■ DATA EXTRACT
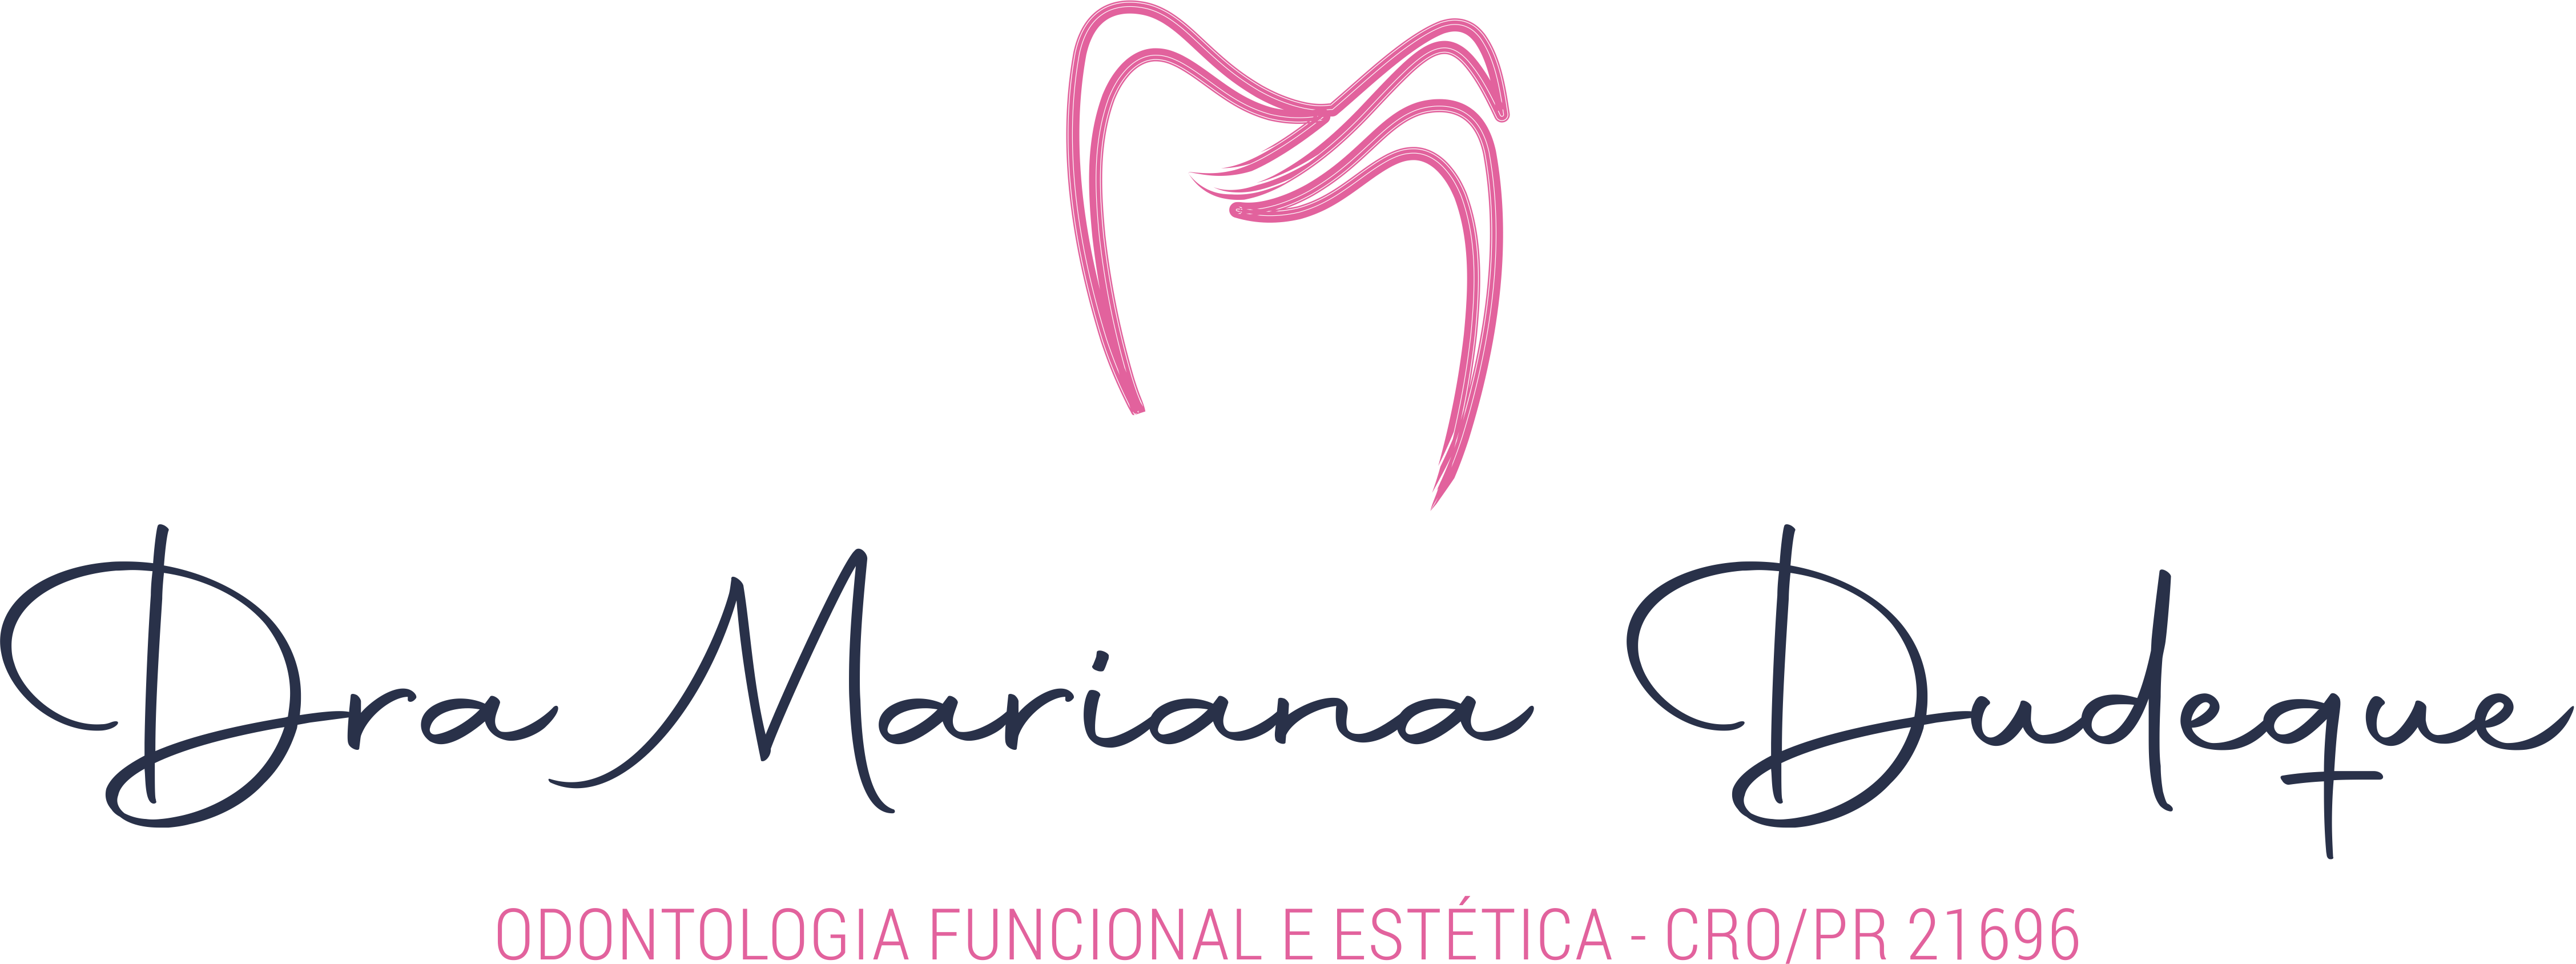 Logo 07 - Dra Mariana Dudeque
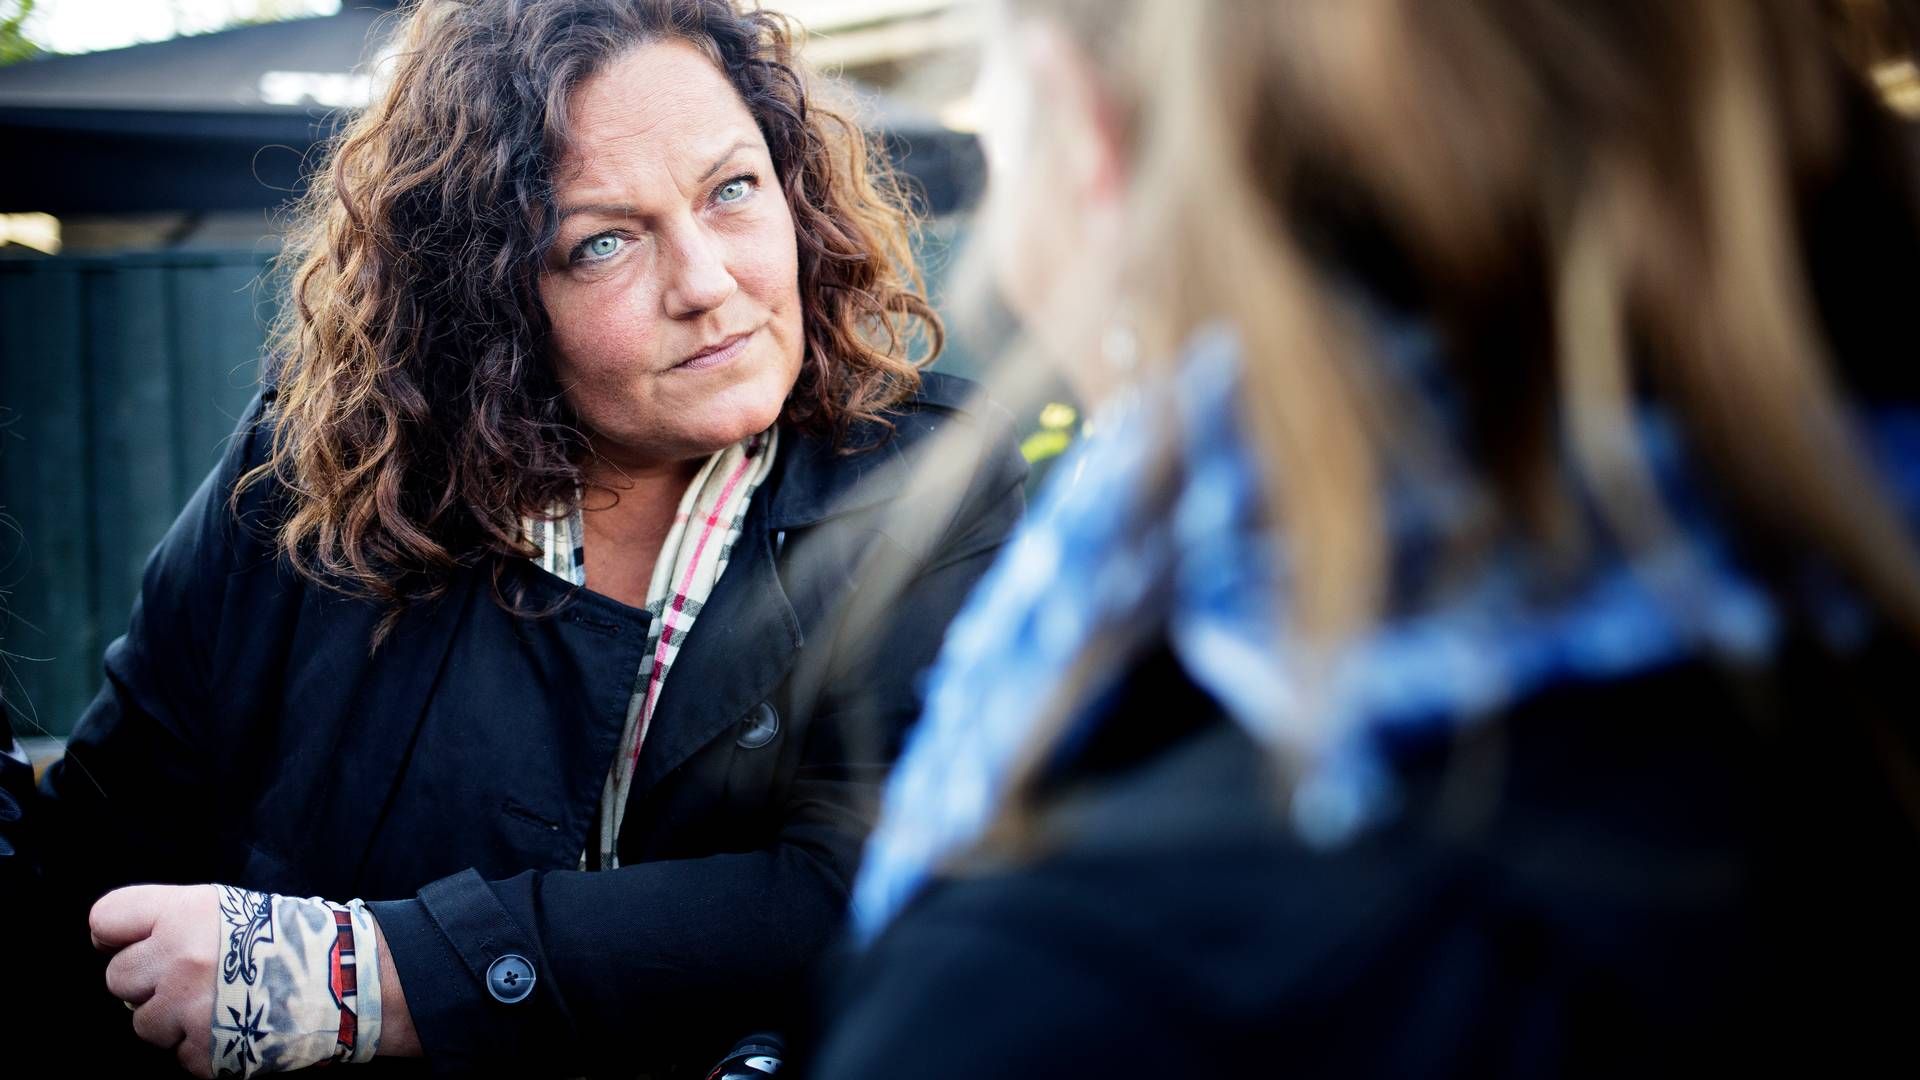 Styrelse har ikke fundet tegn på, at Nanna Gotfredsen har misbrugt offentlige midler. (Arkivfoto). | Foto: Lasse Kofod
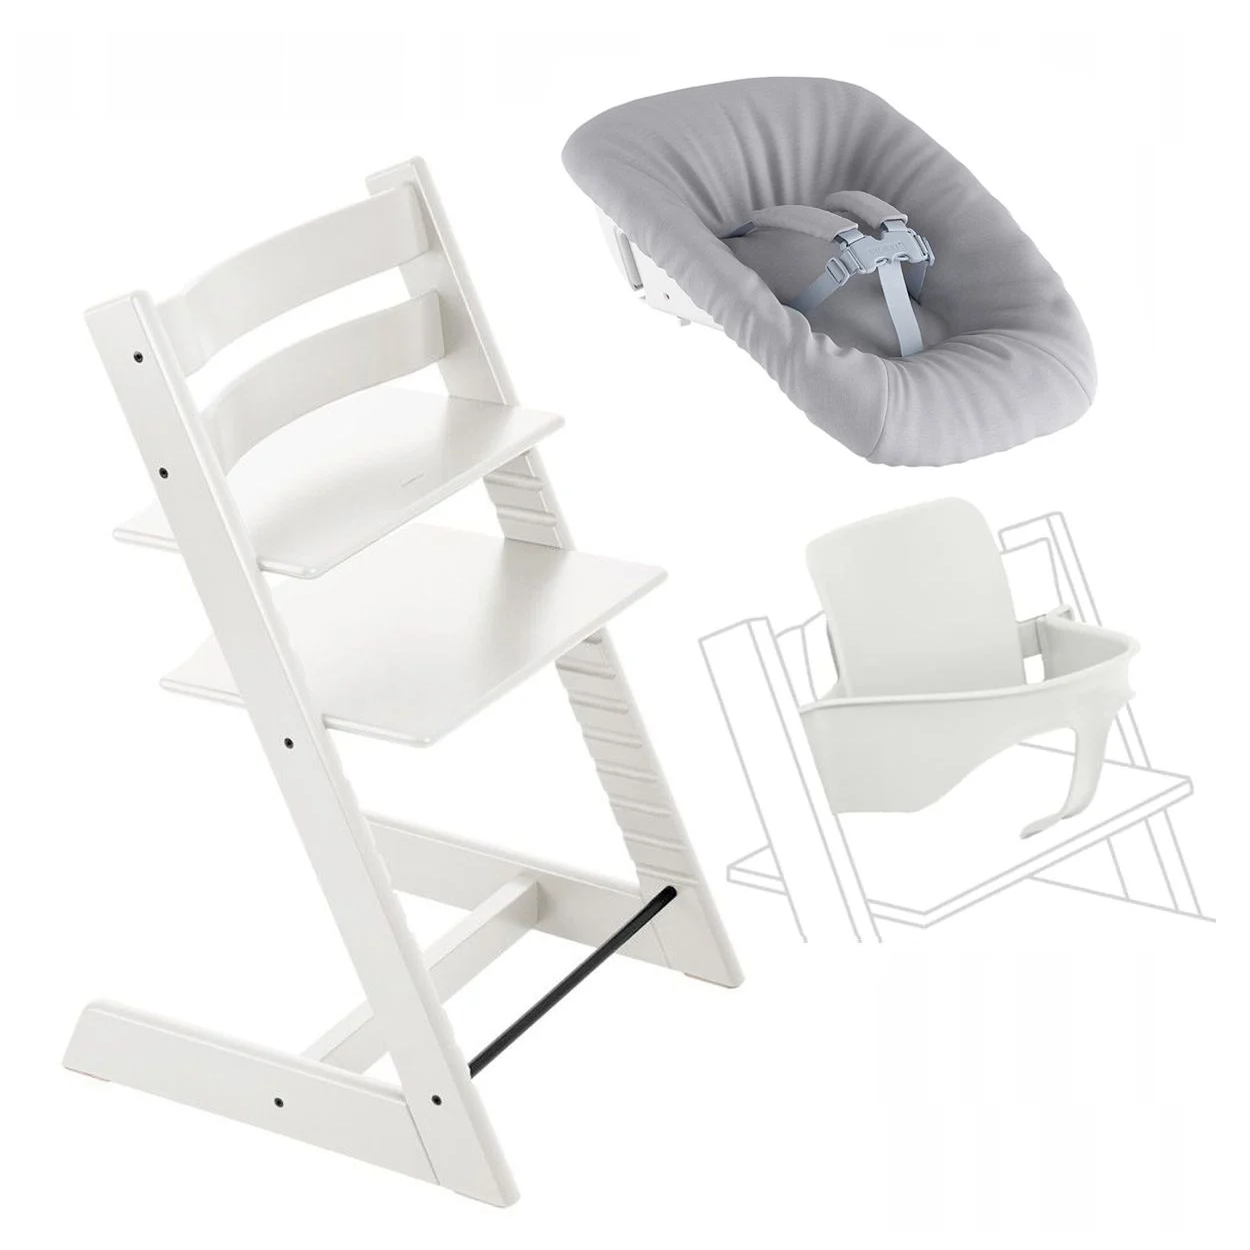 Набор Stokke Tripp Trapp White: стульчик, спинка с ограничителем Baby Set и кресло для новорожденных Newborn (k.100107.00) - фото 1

■ AIM OF THE EXERCISE
Each line above is to be duplicated exactly, and the pictures are to be omitted.

■ ANSWER BELOW
 Logo 07 - Dra Mariana Dudeque
 Styrelse har ikke fundet tegn på, at Nanna Gotfredsen har misbrugt offentlige midler. (Arkivfoto). | Foto: Lasse Kofod
 Набор Stokke Tripp Trapp White: стульчик, спинка с ограничителем Baby Set и кресло для новорожденных Newborn (k.100107.00) - фото 1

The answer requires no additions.